Indexes on Partitioned Tables/分区表上的索引
An index normally points to a row in a physical segment (a table). But a partitioned table consists of multiple physical segments, so the index structures and the data contained within the index need to be slightly different for partitioned tables. If the index spans all partitions, what happens when we perform maintenance on a single partition, such as dropping it? What happens to the index entries that reference the now dropped partition?
关键点:
- 全局的
索引跨越所有分区,这意味着每个索引条目的 ROWID 更大,以引用分区(数据库对象)以及行在该分区中的位置 - 维护
修改表分区(截断、拆分、合并、删除等)可以将索引标记为 UNUSABLE 状态。默认情况下,发生这种情况时不会引发任何错误,您的查询计划只是不再使用索引。UPDATE INDEXES 子句在这里可能是有益的 - 异步
在 12c 及更高版本中,DROP 和 TRUNCATE 分区维护对全局索引的影响较小,因为索引清理是在后台完成的。此特性对大量数据删除有用
分区表如果使用传统的索引,即全局索引,则删除分区时,索引状态为变为UNUSABLE。
你可以在删除分区同时更新索引:
alter table <table_name> drop partition <partition_name> update index;
跳过不可用索引默认设置为TRUE:
SQL> show parameter skip
NAME TYPE VALUE
------------------------------------ ----------- ------------------------------
skip_unusable_indexes boolean TRUE
全局索引不仅要记录rowid,还需记录分区所在的segment ID。即extended rowid。
ROWID是虚拟列,占用10个字节:
SQL> select rowid, vsize(rowid), dump(rowid) from part where rownum <2;
ROWID VSIZE(ROWID)
------------------ ------------
DUMP(ROWID)
--------------------------------------------------------------------------------
AAASNxAAMAAAAGDAAA 10
Typ=69 Len=10: 0,1,35,113,3,0,1,131,0,0
Locally Partitioned Indexes/本地分区索引
An index can be equipartitioned with its underlying table. Such an index is known as a local index(可以与global ). Local indexes can have significantly benefits when it comes to Information Lifecycle Management (ILM). Because table partitions operations such as TRUNCATE and DROP and isolated to a single index partition, the remainder of the index remains available and never needs unncessary maintenance. Local indexes are also lend themselves to easier partition exchange which is a useful technique for either archiving old data or introducing new data into a partitioned table with zero downtime.

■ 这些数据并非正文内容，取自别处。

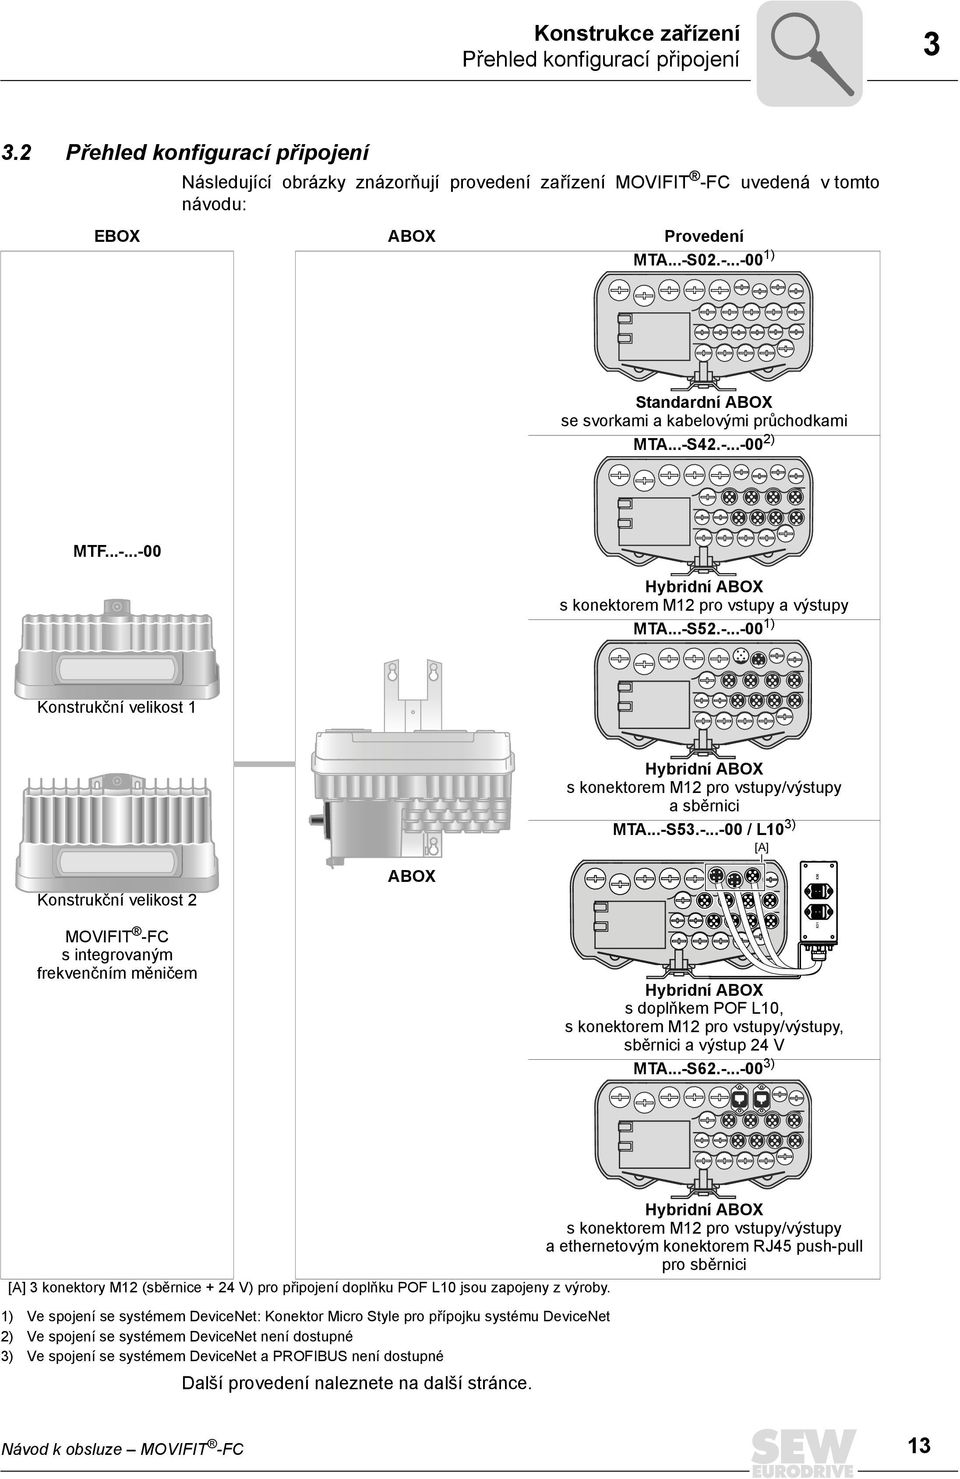 ..-S53.-...-00 / L10 3) [A] Konstrukční velikost 2 MOVIFIT -FC s integrovaným frekvenčním měničem ABOX Hybridní ABOX s doplňkem POF L10, s konektorem M12 pro vstupy/výstupy, sběrnici a výstup 24 V MTA.

全局分区索引(或全局索引)是一个index segment映射多个table partition segment。而本地分区索引(或本地索引)则是index segment与table partition segment一一对应。本地索引相相当于对索引进行了分区。
如果此时删除一个分区,则相应的本地分区索引也被删除,其他的分区和索引均无影响。
create table sales
(
tstamp date not null,
empno number(10) not null,
amount number(10) not null
)
partition by range (tstamp)
interval (numtoyminterval(1, 'YEAR'))
(
partition p2009 values less than (DATE '2010-01-01'),
partition p2010 values less than (DATE '2011-01-01'),
partition p2011 values less than (DATE '2012-01-01'),
partition p2012 values less than (DATE '2013-01-01')
);
create index sales_ix on sales(tstamp) local;
insert into sales values(DATE '2010-01-01', 100, 100);
insert into sales values(DATE '2011-01-01', 200, 200);
insert into sales values(DATE '2012-01-01', 300, 300);
alter table sales drop partition p2009;
select partition_name, status from user_ind_partitions
where index_name = 'SALES_IX';
输出如下,可以看到删除分区后,其它分区的索引仍可用:
PARTITION_NAME STATUS
P2010 USABLE
P2011 USABLE
P2012 USABLE
3 rows selected.
有了本地索引,ILM会变得更方便:
alter table sales move partition p2010 compress;
alter table sales move partition p2010 tablespace ts_archive;
-- 这样RMAN就不会反复备份
alter tablespace ts_lowperformance read only;
alter table sales modify partition p2010 unusable local indexes;
alter table sales modify partition p2010 indexing off;
将较老的分区禁止本地索引,是因为这些老的数据大多用于分析。当然也有将当前分区禁止索引的,这适用于使用Database In-Memory的情形。
exchange partition就不介绍了。
Local versus Global Indexes/本地与全局索引
The previous two videos discuss several apparent limitations of global indexes and plenty of advantages of local indexes. This seems to suggest that local indexes should always be used in preference to global indexes. This is not the case, and each indexing technique should be employed to best match the application requirements you have. A local index can be the absolutely wrong choice for particular kinds of queries. However, sometimes you may need to choose some design compromises if you want to get the best of both worlds - partition independence but still with solid declarative database design.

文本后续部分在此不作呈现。